I’ve noticed a tendency among townies like me to call all cattle cows (which they feel they must mention in discussing Brexit). You’d think that a cow was an obviously female creature. (Didn’t Alf Garnett in Till Death Us Do Part, shown from 1965, call his wife Else a ‘silly old moo’?) But that doesn’t stop them. Indeed the main character in an American cartoon film called Barnyard (2006) was a cow by the name of Otis with a milk-giving udder. He was reckoned male and wooed a (female) cow called Daisy. This was not presented as any daring exercise in gender fluidity. One critic recommended that parents should take their children to it if they wanted to ‘depress them while making sure they fail biology’.

Are our feelings towards politics apathy or inertia?

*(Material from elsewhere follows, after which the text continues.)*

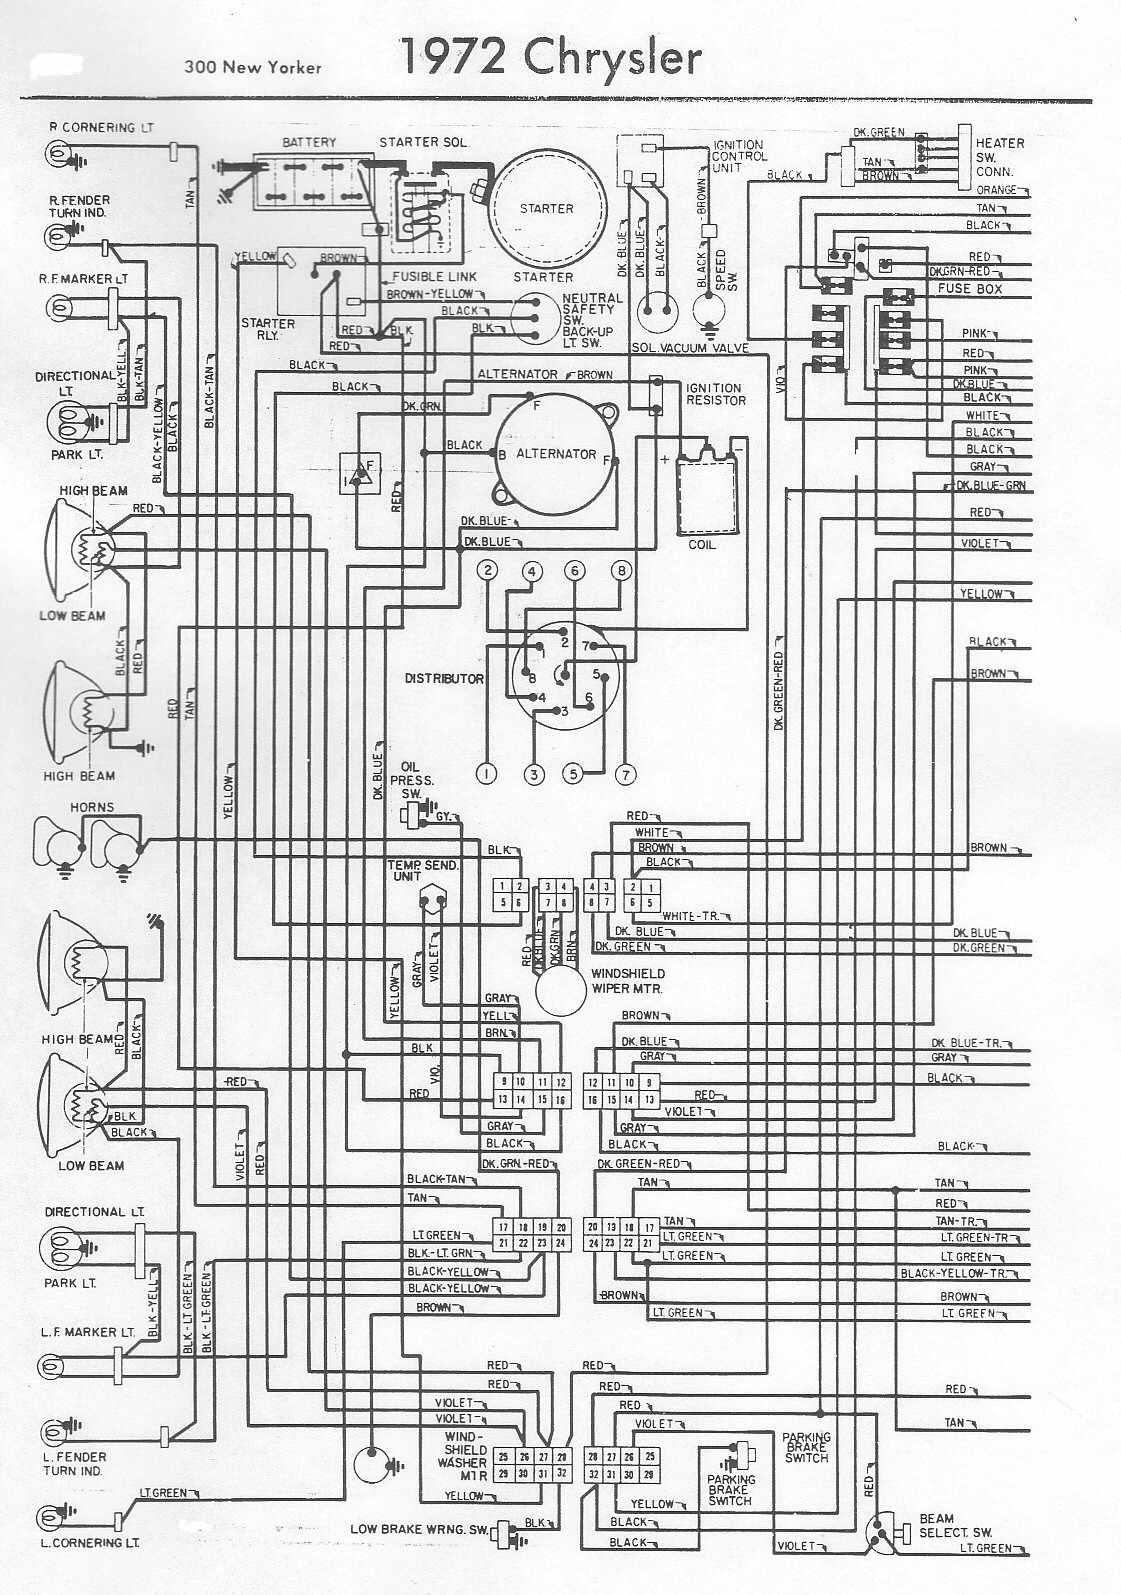 hight resolution of 2002 cadillac deville wiring harness wiring library2000 cadillac eldorado electrical diagrams schematics wiring 2002 cadillac eldorado

My husband, with a dependable appetite for chestnuts, says he would be the ideal person to start an Apathy party. There is, it is true, a great lack of appetite for politics at the moment, yet people are annoyed to find they cannot ignore it. It is unwelcome and insistent, like toothache. References have been made recently to William Whitelaw complaining of Labour under Harold Wilson ‘going round the country stirring up apathy’. A variety of circumstances is given for this remark. Some, including Ian Aitken, Whitelaw’s biographer, writing after his death in 1999, attached it to the election campaign of 1970, which Heath unexpectedly won. The late Frank Johnson, normally a careful journalist, placed this Willie-ism in ‘the 1976 Common Market referendum’.

Poetaster

‘What about poetaster, then?’ asked my husband accusingly, looking up from his whisky and the Spectator, in which I’d ruminated on gloomster. He expects me to know the origins of all words, and blames me for their irregularities. I’d long suffered an itch from poetaster. It’s not that I thought it pronounced poe-taster, but that I’d presumed the -aster element was from Greek aster, a star. It’s not. Why should a star make a poet a bad poet? Now that I’ve looked it up, I know that -aster is a classical Latin suffix expressing incomplete resemblance. This suffix has no relation to the English -ster suffix, as in gloomster or spinster. The most familiar English noun ending in -aster is cotoneaster.

Gloomster

When Boris Johnson hit out at ‘the doomsters and the gloomsters’, I was willing to believe that the word gloomster existed. Well, it does now. English abounds in elements like the suffix ster by which new words may be generated. We know without thinking about it that words ending in ster are slightly derogatory. A rhymer is romantic, and a rhymester vulgar. Originally all sters were feminine. Before the Conquest, a seamestre was a sempstress and a bæcestre a baker. Among the Anglo-Saxons, it seems those trades were followed only by women.

Esquire

‘I’m a learned doctor,’ cried my husband, pulling at the hems of his tweed coat and doing a little jig. He’d heard that Jacob Rees-Mogg had directed his office to use Esq of all non-titled males. There’s something of the Charles Pooter about Esquire. Its last redoubt had been envelopes from the Inland Revenue. Since it became HM Revenue & Customs, honorifics have melted away. Americans use Esquire principally of attorneys, who do creep into British notions of those reckoned by courtesy gentlemen, and hence called Esquire. Deploying Esquire is a question of U and non-U language; the higher snobbism currently favours its disuse. But when Shakespeare and his father were granted arms, they were recognised as gentlemen.

Bigot

How might an oath lend its name in England to a religious extremist and in Spain to a moustache? That has been the claim for the German bei Gott as the origin of English bigot and Spanish bigote. In his Gatherings from Spain (1846), the great English traveller Richard Ford did not doubt the origin of bigote, ‘moustache’. ‘The free-riding followers of Charles V, who wore these tremendous appendages of manhood,’ he explains, ‘swore like troopers.’ The Spanish connected their oath bei Gott with their moustaches, and named the one thing from the other. Did not the French in the Peninsular War, he observes, call the English soldiers Goddams?